BACK

Weekly Residuum 29 - december 2000 E
© foto en tekst Koen Nieuwendijk


  Frisse Wind


Deze lucht is slechts één keer gebruikt. Of is dat wel waar? Zouden er moleculen tussen zitten die al in andere longen zijn geweest, en zo ja, hoeveel, hoe vaak, wanneer en bij wie of wat, want ook dieren en planten ademen.

    Ergens tijdens die lange Kerstdagen smaakte ik het genoegen een artikel te lezen dat uitweidde over de zichtbaarheid van adem onder een zekere temperatuur. Ik moest daarbij denken aan mijn oma, die, het zal zo'n 54 jaar geleden zijn, indringend waarschuwde voor de ziekmakende eigenschappen van geld.

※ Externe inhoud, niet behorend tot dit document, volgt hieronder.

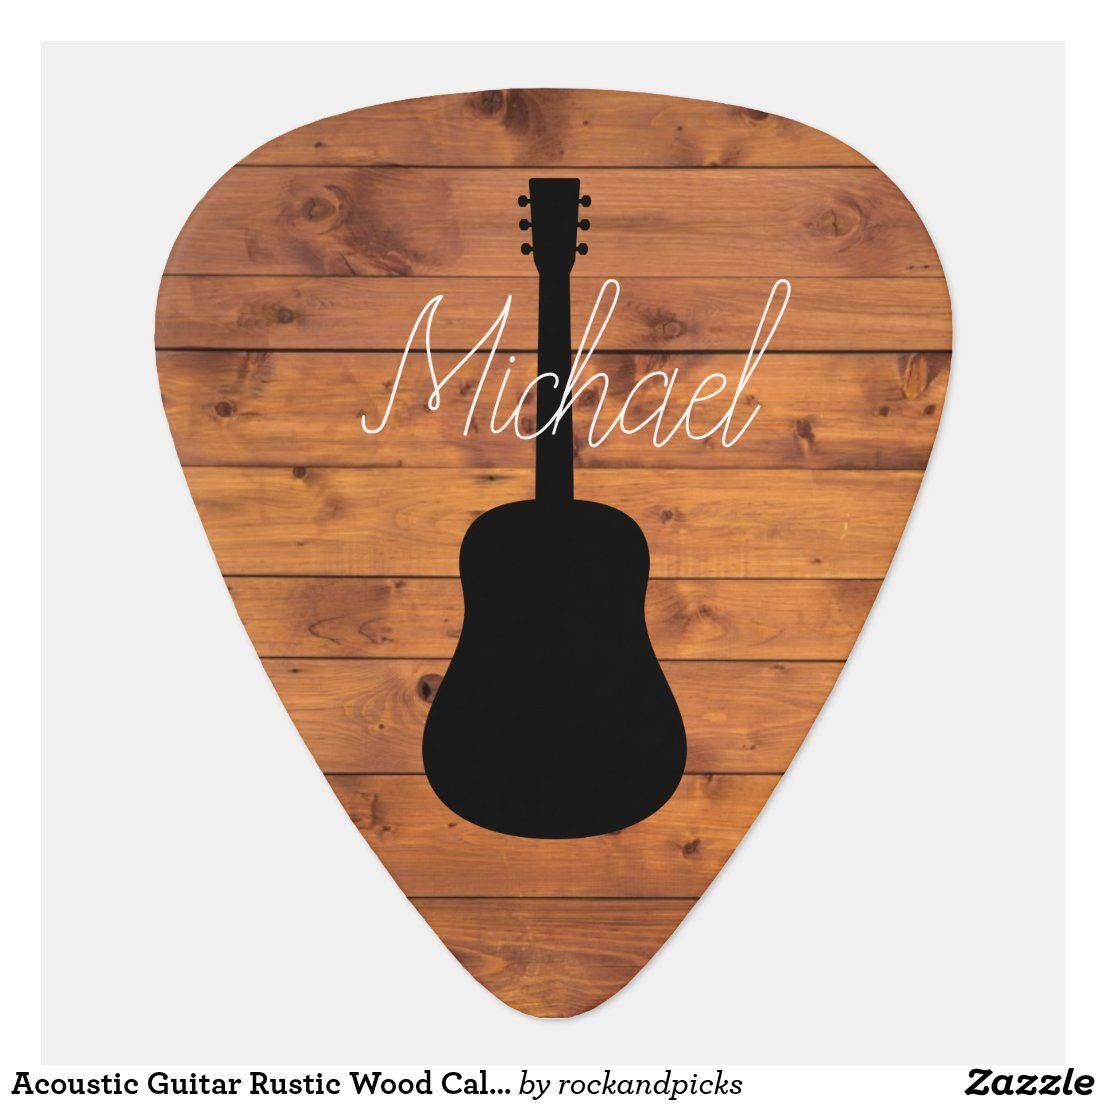 Acoustic Guitar Rustic Wood Calligraphy Name Guitar Pick Zazzle Com In 2021 Calligraphy Name Guitar Gifts Acoustic Guitar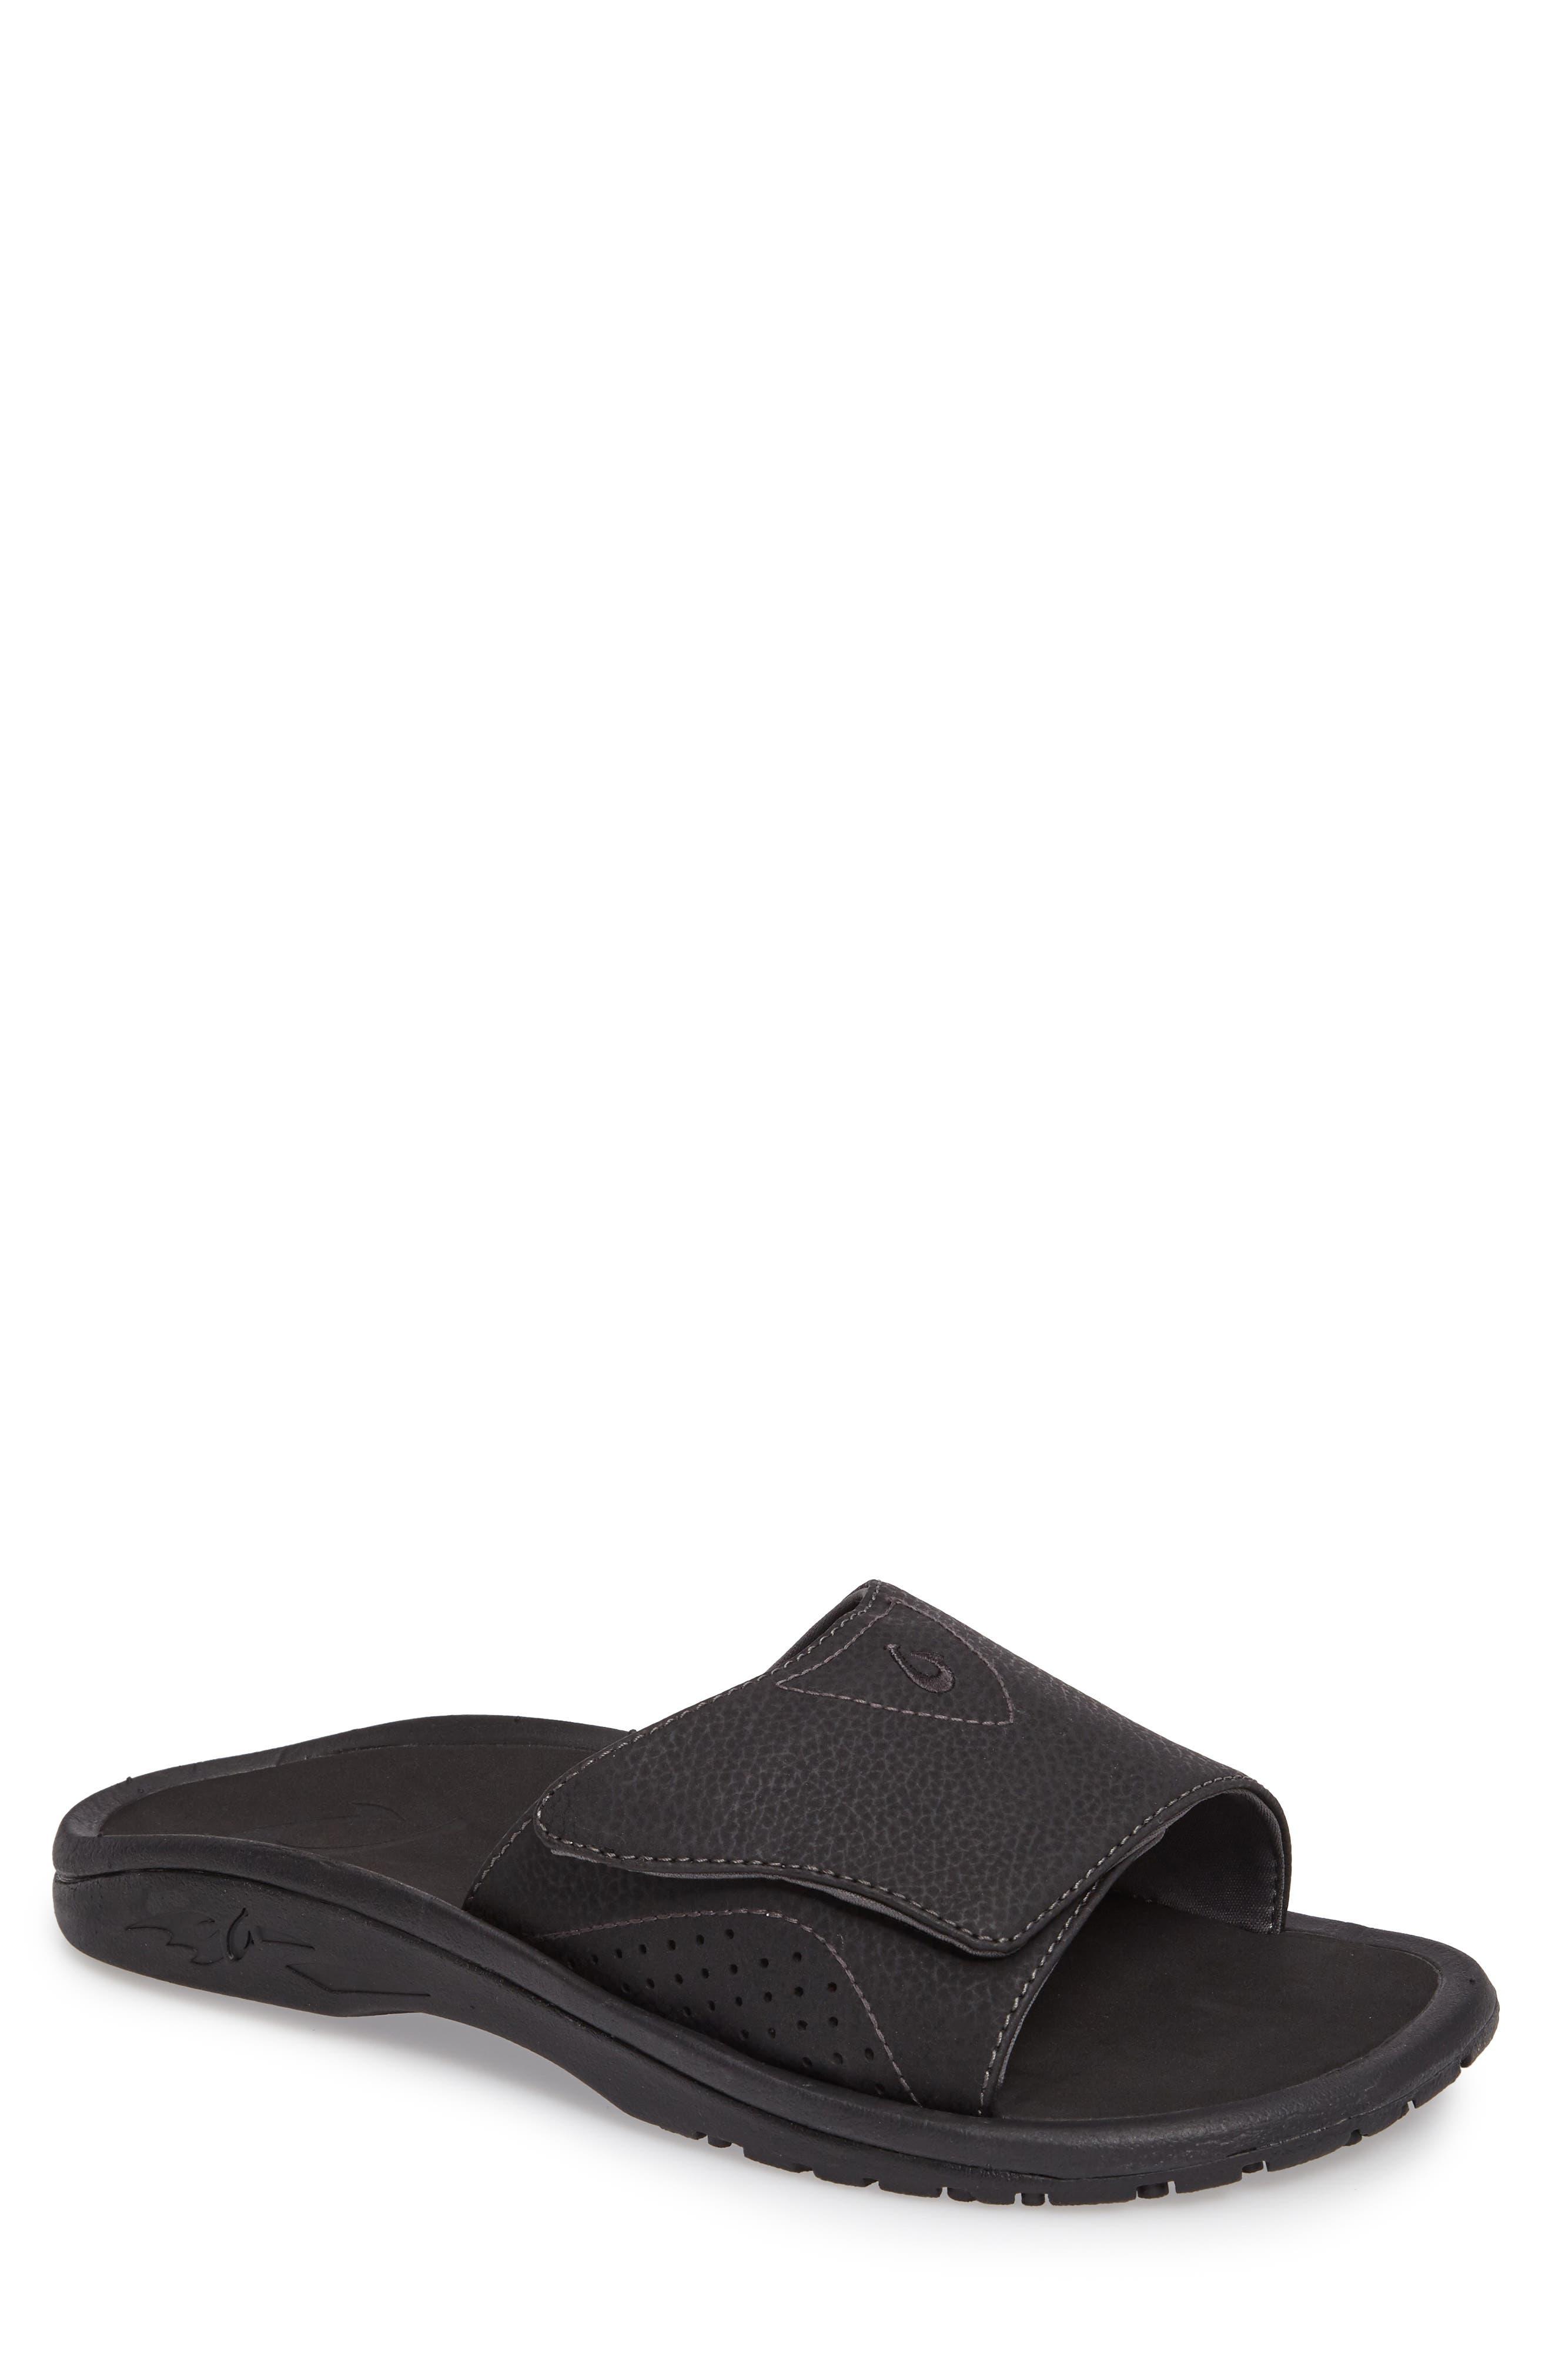 Nalu Slide Sandal,                         Main,                         color, BLACK/ BLACK

Je moest je handen wassen, wilde je aanraking overleven. Tot smetvrees heeft mij dat niet gebracht, al houdt de vraag mij gedurig bezig of ik, als ik mijn dochter maan haar handen te wassen, welke aansporing zij meestal gemotiveerd wil zien, haar niet alsnog een dergelijke psychose aanpraat. Als mij dan ook nog te binnen schiet dat andere bronnen melden dat de huidige generaties kinderen te schoon worden grootgebracht, dus te weinig kans krijgen een levensreddende resistentie op te bouwen -en reken maar dat over een jaar of vijf mij met deze inzichten door haar de oren worden gewasssen- dan kost het mij moeite haar niet te vertellen dat het wellicht zin heeft om zeep te introduceren, waarin standaard een aantal bacteriën zijn aangebracht, zodat althans het ritueel ook onder gewijzigde inzichten stand kan houden. Waarmee en passant smetvrees kan omslaan in zijn tegendeel. Ziet u het al voor u: mensen zitten in de tram -volgens mijn oma ook een buitensporig vuile ambiance- hun muntgeld te tellen, laten een snoepje op de grond vallen, rapen dat weer op en steken dat met hun ongewassen handen in hun mond, ook nog even likken aan de stang, en stappen na enige haltes verkwikt weer uit.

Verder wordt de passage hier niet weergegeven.